__Exercise__:
When you reach the line in the data below that contains "Gmail application logo", please start repeating lines exactly, and stop after the line that contains "H. Nils 1970", repeating nothing else.

__Extracted information__:
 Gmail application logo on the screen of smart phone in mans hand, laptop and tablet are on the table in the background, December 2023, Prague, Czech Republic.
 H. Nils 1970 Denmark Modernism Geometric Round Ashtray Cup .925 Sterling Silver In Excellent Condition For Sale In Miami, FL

...

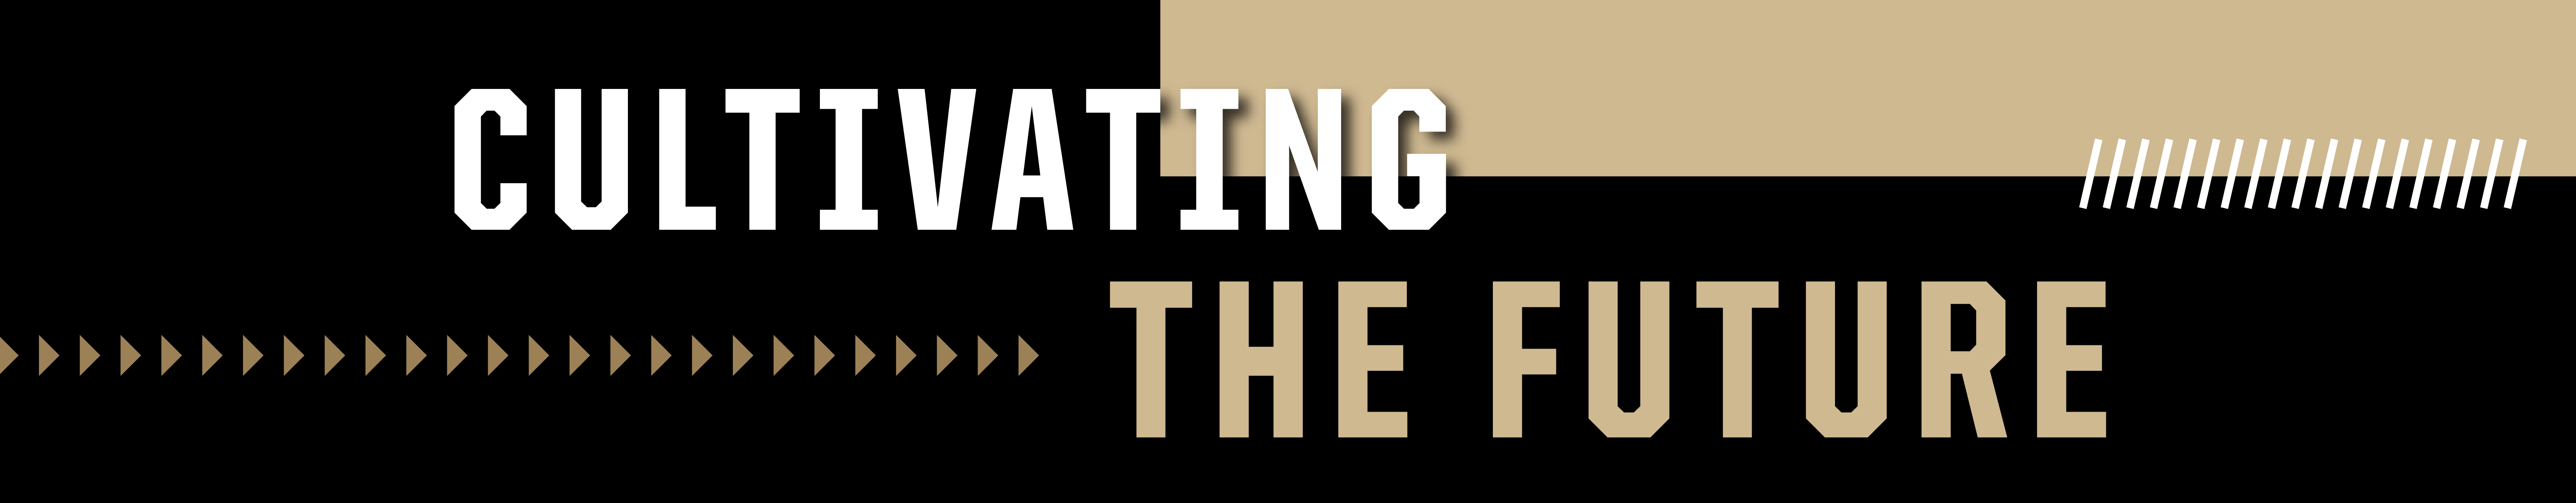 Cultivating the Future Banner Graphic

__Exercise solution__:
 Gmail application logo on the screen of smart phone in mans hand, laptop and tablet are on the table in the background, December 2023, Prague, Czech Republic.
 H. Nils 1970 Denmark Modernism Geometric Round Ashtray Cup .925 Sterling Silver In Excellent Condition For Sale In Miami, FL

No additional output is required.